Beyond publishing relevant data, another challenge is ensuring those data are accessible and in formats that machine learning algorithms can use. Núria López, an expert in computational chemistry at the Institute of Chemical Research of Catalonia, considers it crucial to follow the principles for scientific data management known as FAIR: findability, accessibility, interoperability, and reusability of digital assets.

“FAIR data ensures transparency, as well as important features such as traceability,” López says. Better descriptors beyond the text-based, computer-readable SMILES (simplified molecular-input line-entry system), which is currently used for describing molecules, could also help anonymize proprietary information so that it can be deposited into public databases and contribute to training sets for algorithms.

Scientific publishers should also endorse open formats for raw data and supporting information, Gomes says. For example, the Open Reaction Database is an initiative promoted by Coley and other machine learning experts to support efforts in reaction prediction, chemical synthesis planning, and experimental design (J. Am. Chem. Soc. 2021, DOI: 10.1021/jacs.1c09820).
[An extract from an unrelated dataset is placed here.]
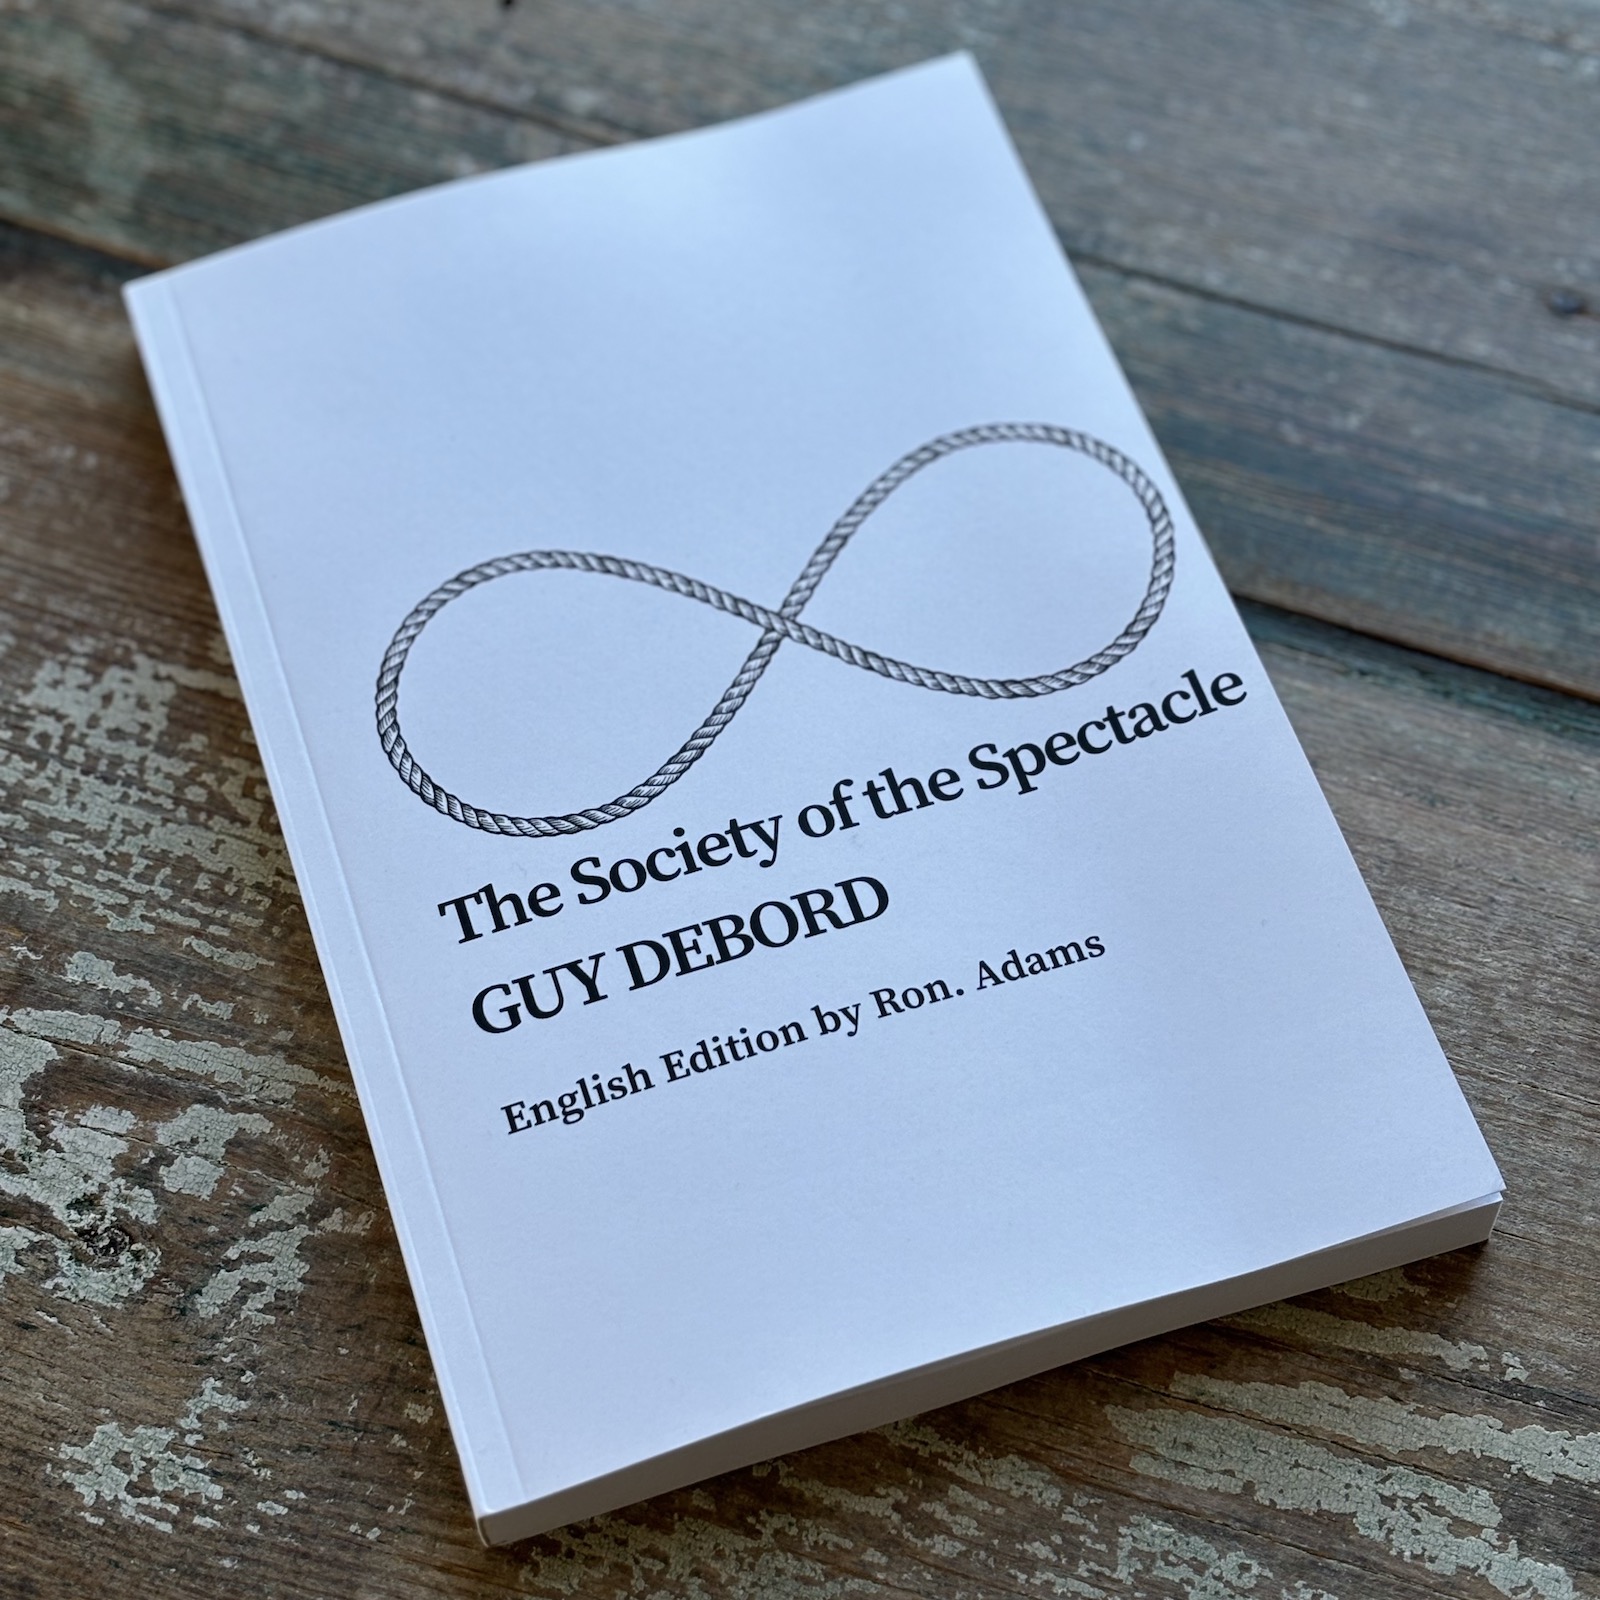 Cover of The Society of the Spectacle

The platform provides a structured format for chemical reaction data, always under FAIR principles. “As the name implies, the Open Reaction Database is designed for open access and community contributions,” Coley says.
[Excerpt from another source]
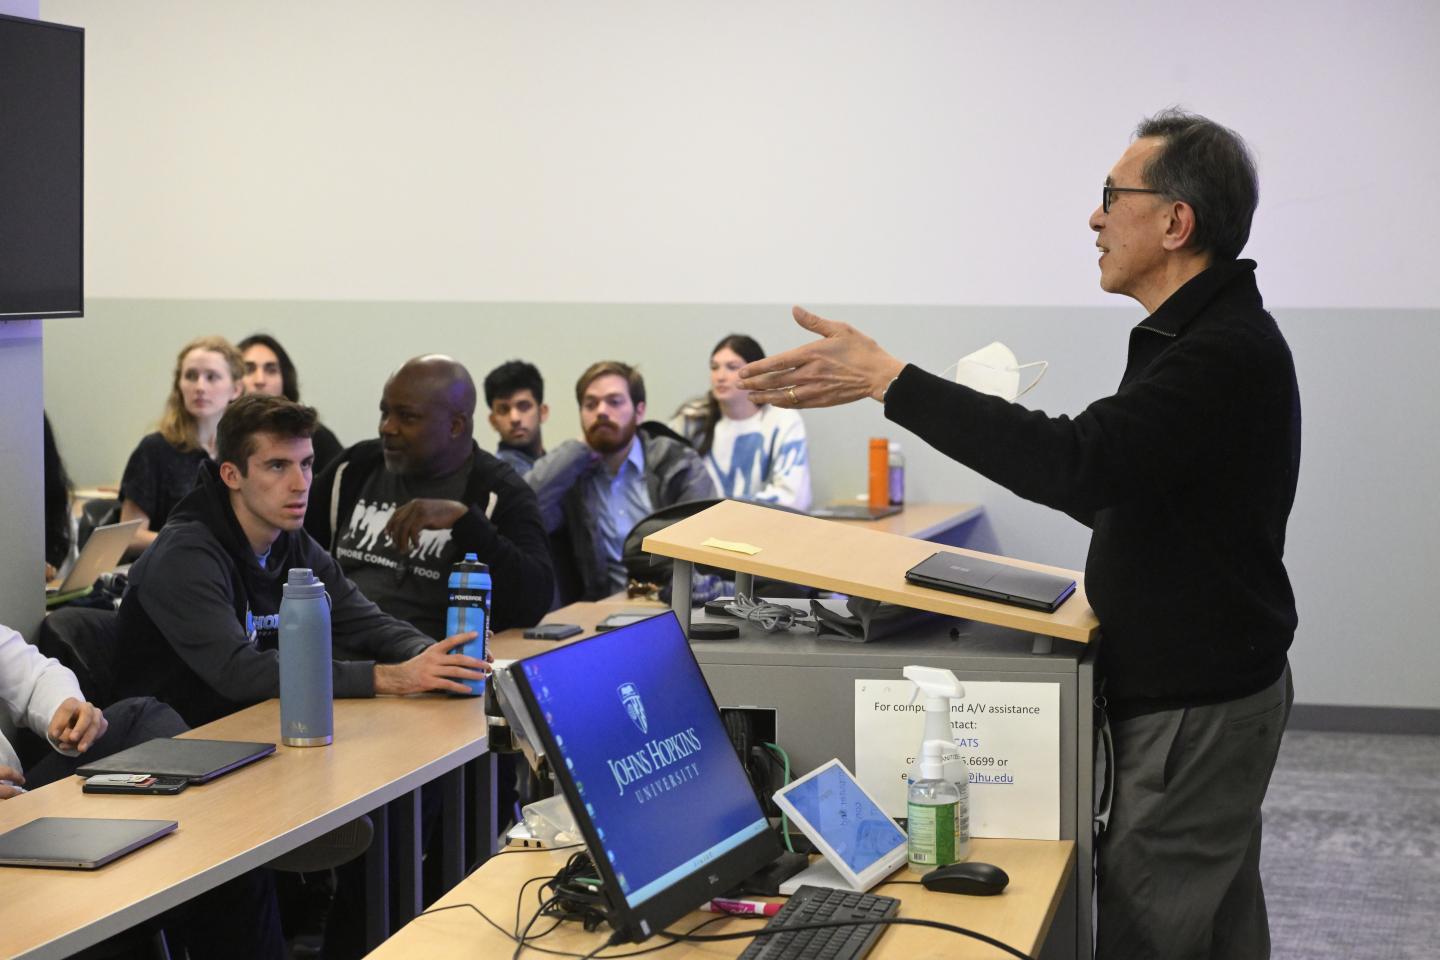 Johns Hopkins professor Fadil Santosa speaks to students in his “Mathematics for a Better World” course.

Another example of an open format is ioChem-BD, a platform for computational chemistry data sets that López helped develop. It is one of the FAIR platforms that the American Chemical Society and Nature’s journal Scientific Data recommend submitting authors use (ACS publishes C&EN). “Advancing towards FAIR and open data will surely push our prediction powers,” she says. She also recommends that scientists not depend entirely on data-driven machine learning platforms. Instead, she encourages the use of “hybrid models with experimental and traditional computational modeling.”

Machine learning experts must remain humble, Gomes says. Of course, some studies will make mistakes. “Us chemists, much like algorithms, still have lots to learn.”

Fernando Gomollón-Bel is a freelance writer based in Cambridge, England.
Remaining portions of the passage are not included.